Problem description:
Without including any pictures, give back all of the data exactly.

Collection entries:

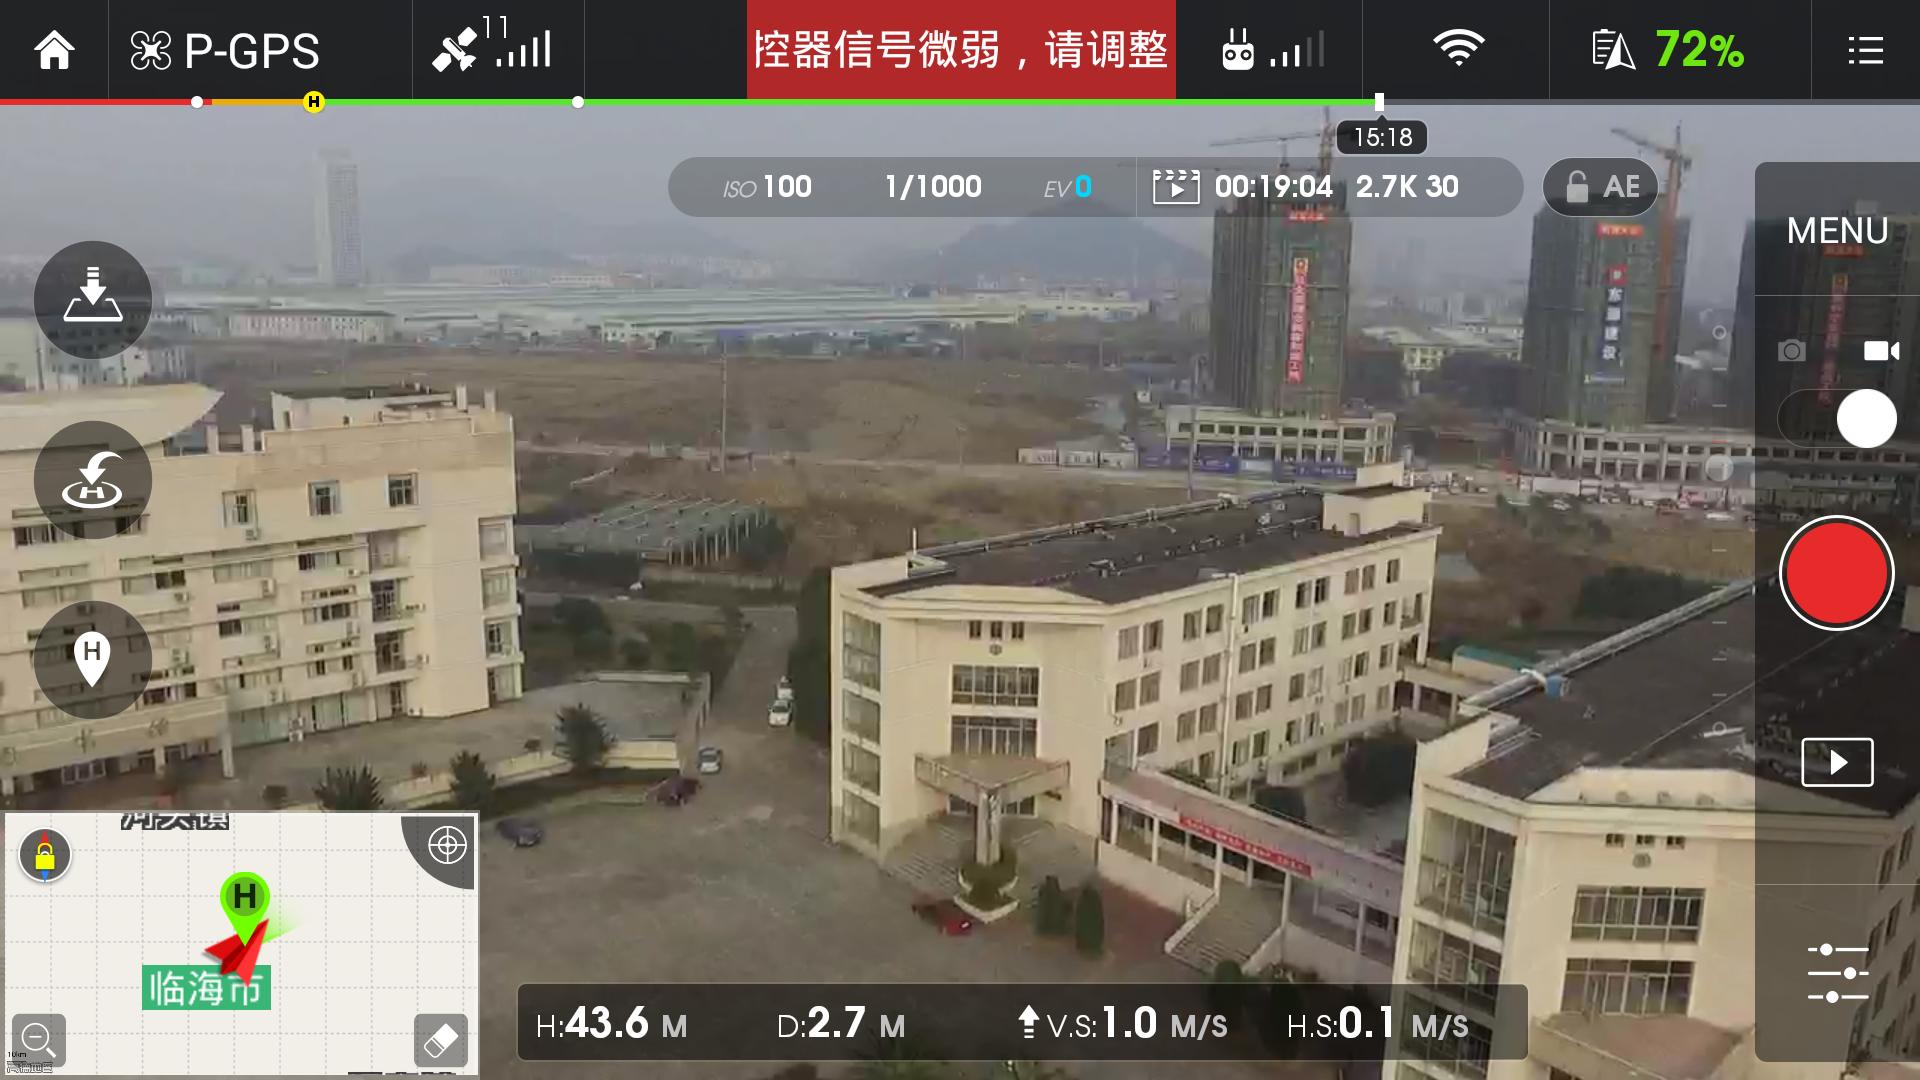 Screenshot_2015-12-31-14-28-06_dji.pilot.png
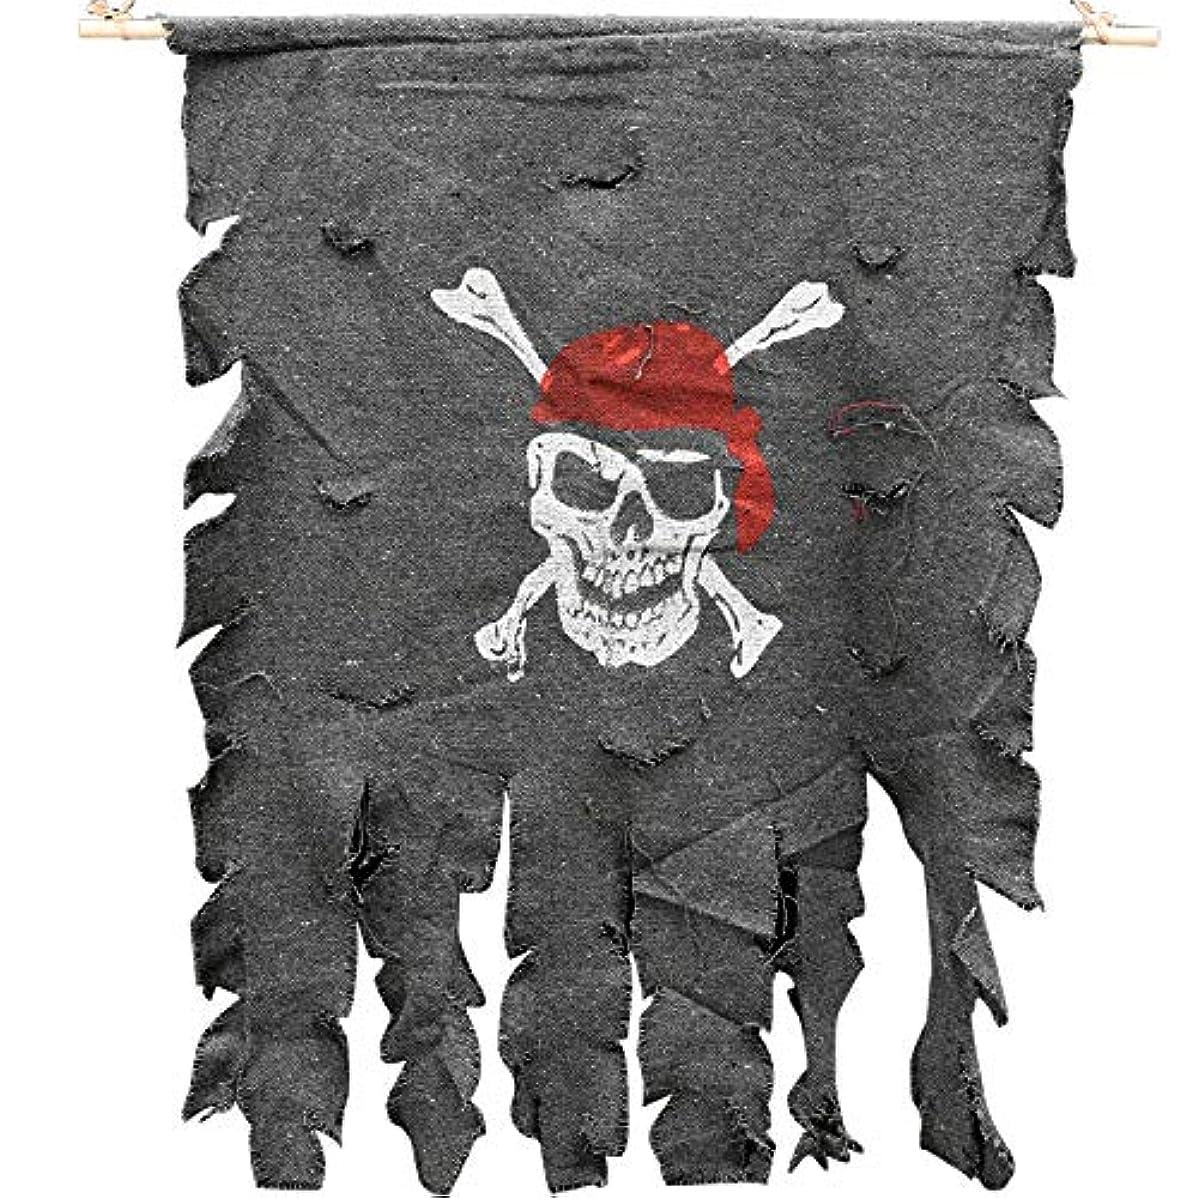 歴史浅いフックETRRUU HOME ハロウィンジョリーロジャー大パーティーデコレーションKTV旗バナーぶら下げ旗アレンジメントの小道具
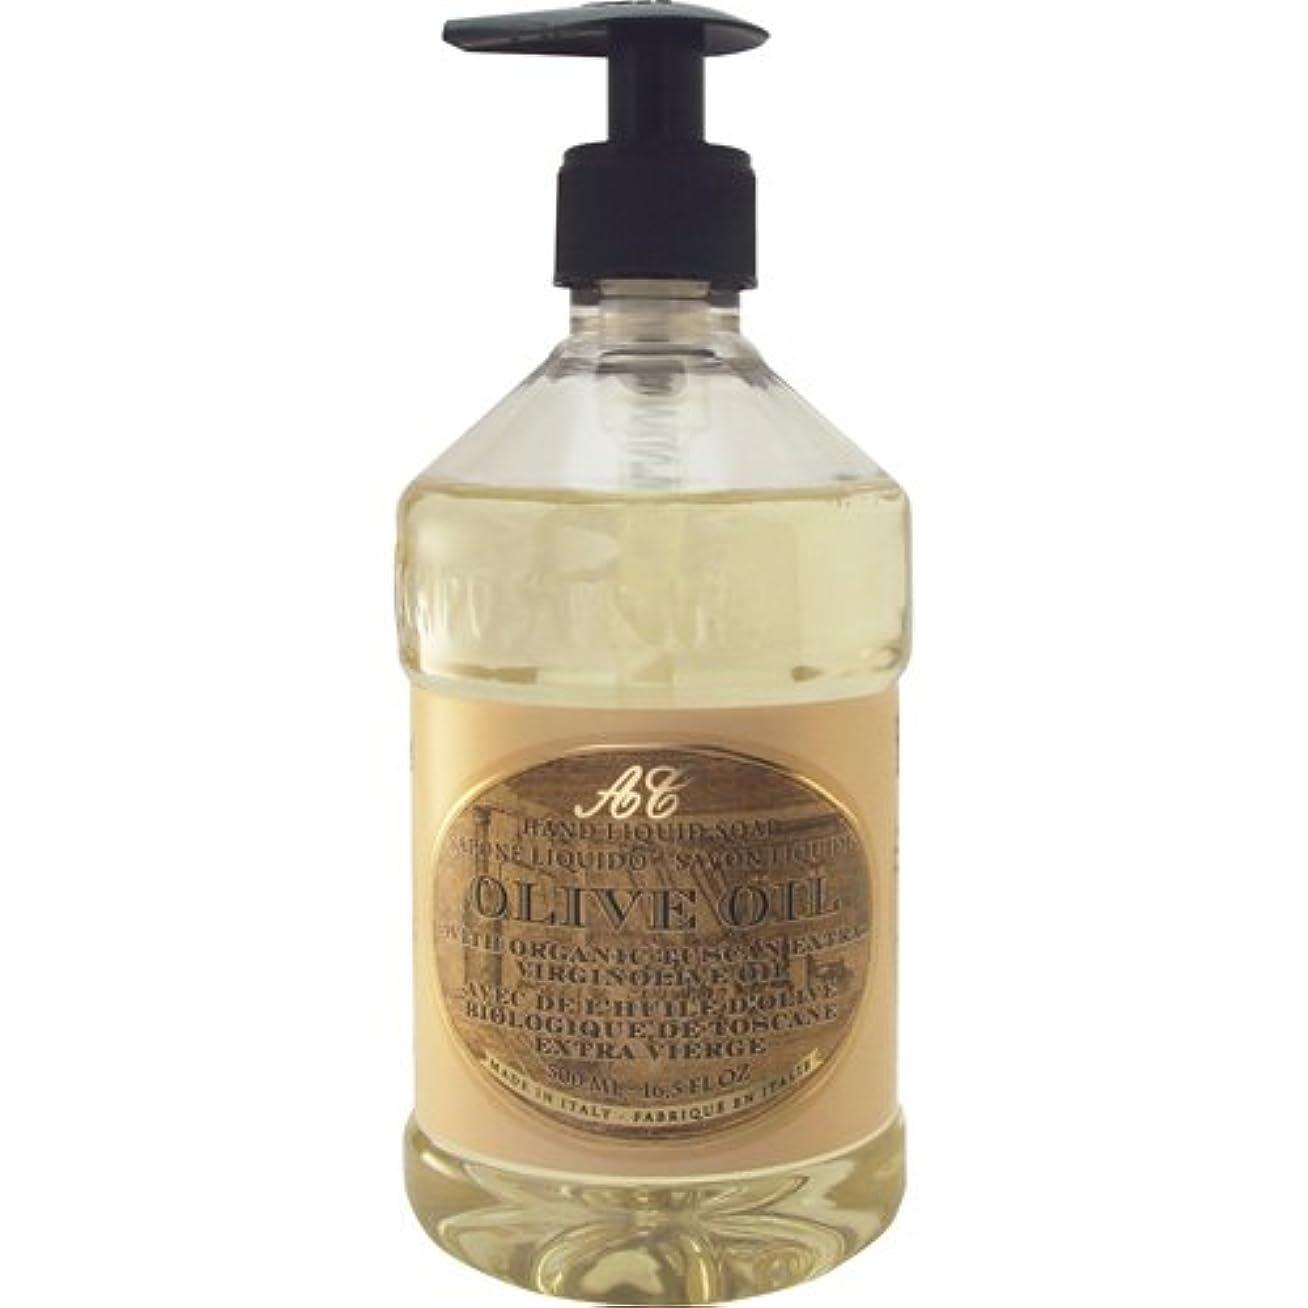 囲まれた険しいふざけたSaponerire Fissi レトロシリーズ Liquid Soap リキッドソープ 500ml Olive Oil オリーブオイル
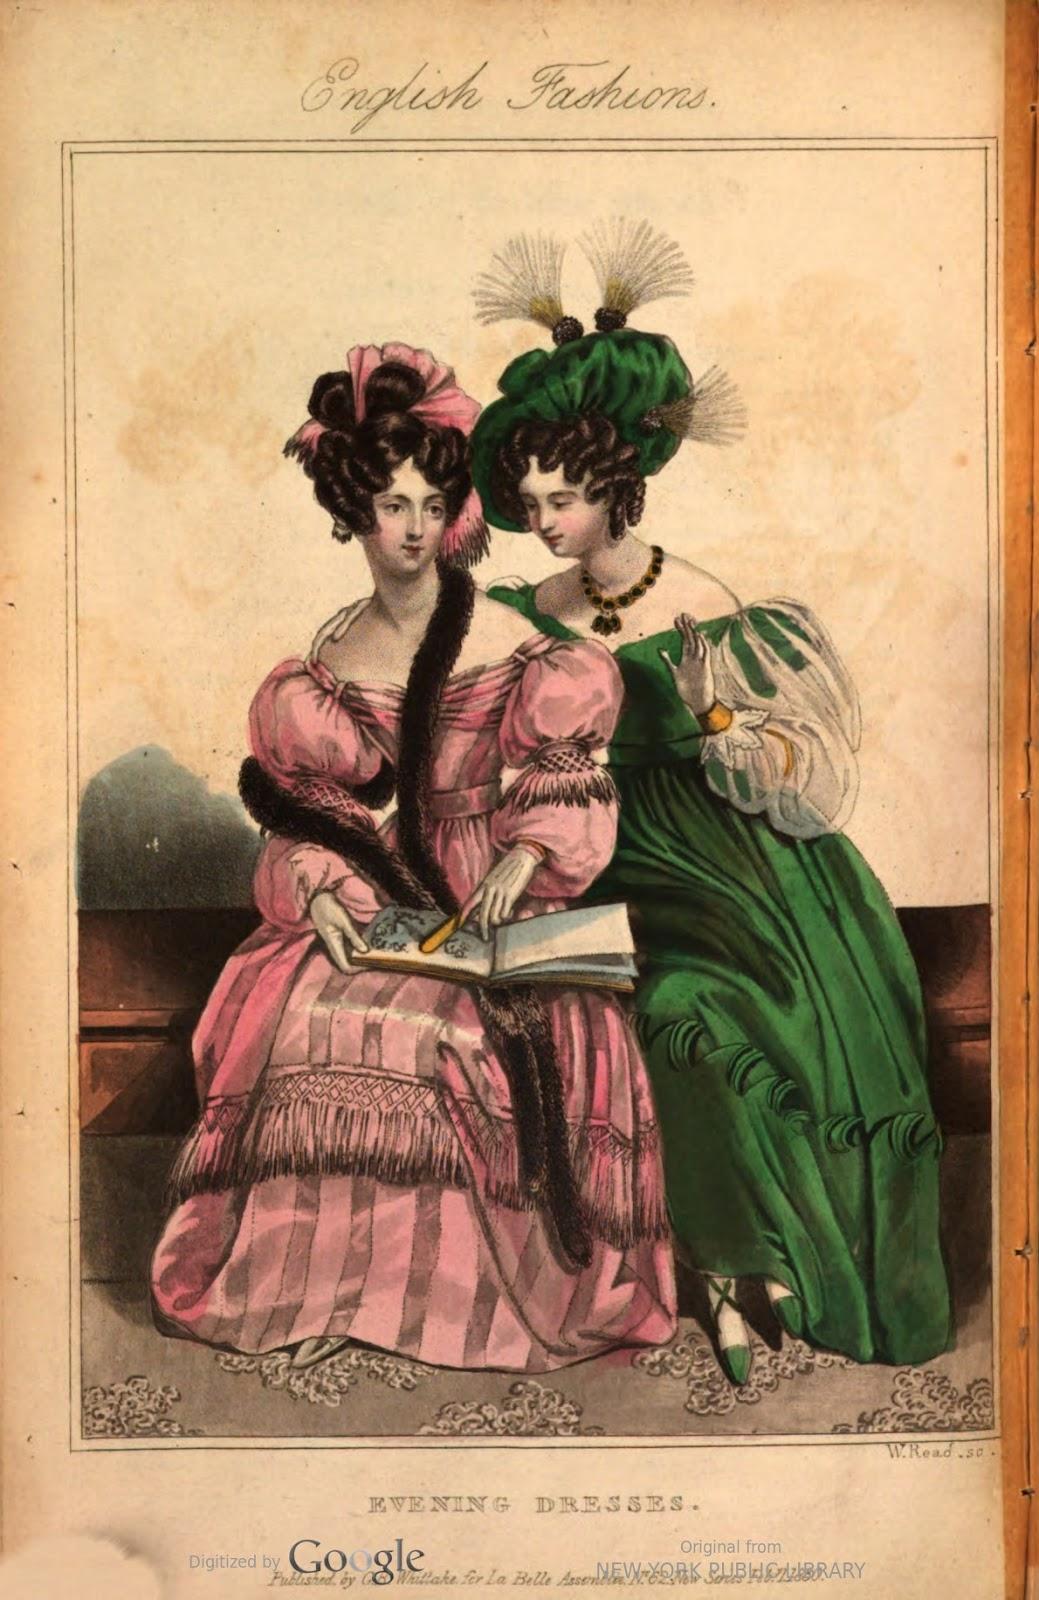 adf7fa567c Fekete bársony csuklyás kalap, fekete chantilly csipke fátyollal és szatén  szalagdísszel. Estélyi ruha rózsaszín szaténból, fehér en jabots  elrendezett ...
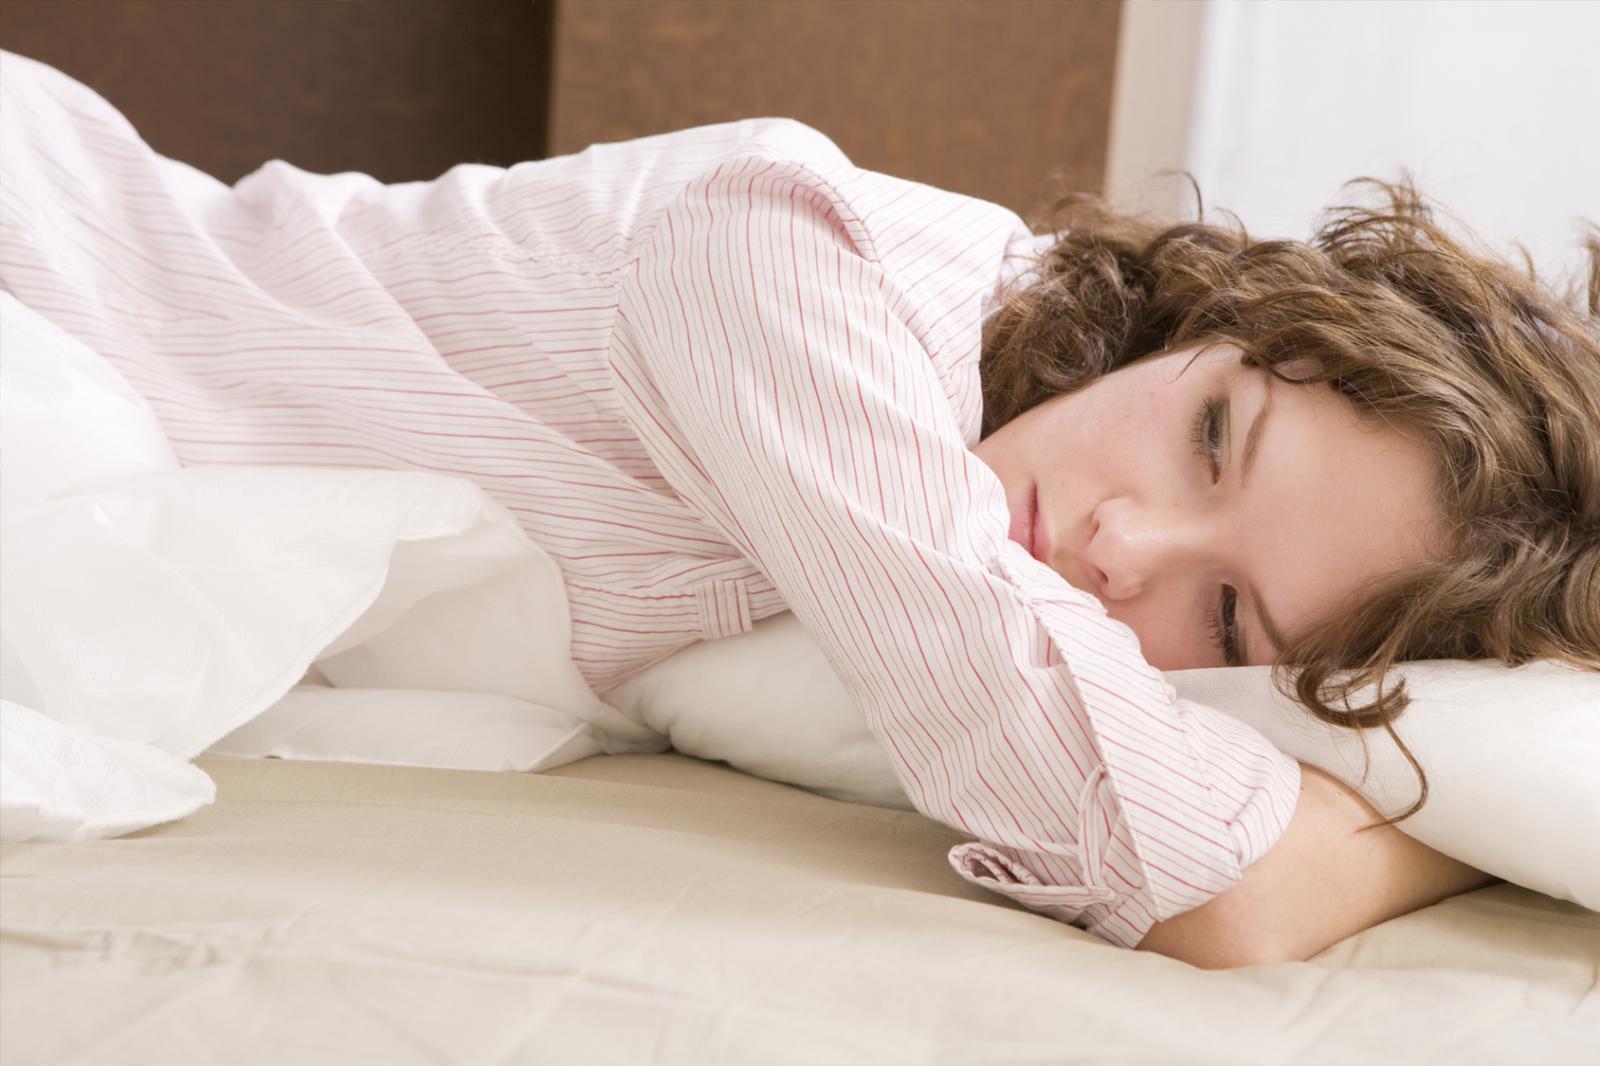 Tâm sự của người đàn bà kiệt sức trong hôn nhân: Tôi như người dưng khi sống bên chồng Ảnh 1

Final answer:
 Screenshot_2015-12-31-14-28-06_dji.pilot.png
 歴史浅いフックETRRUU HOME ハロウィンジョリーロジャー大パーティーデコレーションKTV旗バナーぶら下げ旗アレンジメントの小道具
 囲まれた険しいふざけたSaponerire Fissi レトロシリーズ Liquid Soap リキッドソープ 500ml Olive Oil オリーブオイル
 adf7fa567c Fekete bársony csuklyás kalap, fekete chantilly csipke fátyollal és szatén  szalagdísszel. Estélyi ruha rózsaszín szaténból, fehér en jabots  elrendezett ...
 Tâm sự của người đàn bà kiệt sức trong hôn nhân: Tôi như người dưng khi sống bên chồng Ảnh 1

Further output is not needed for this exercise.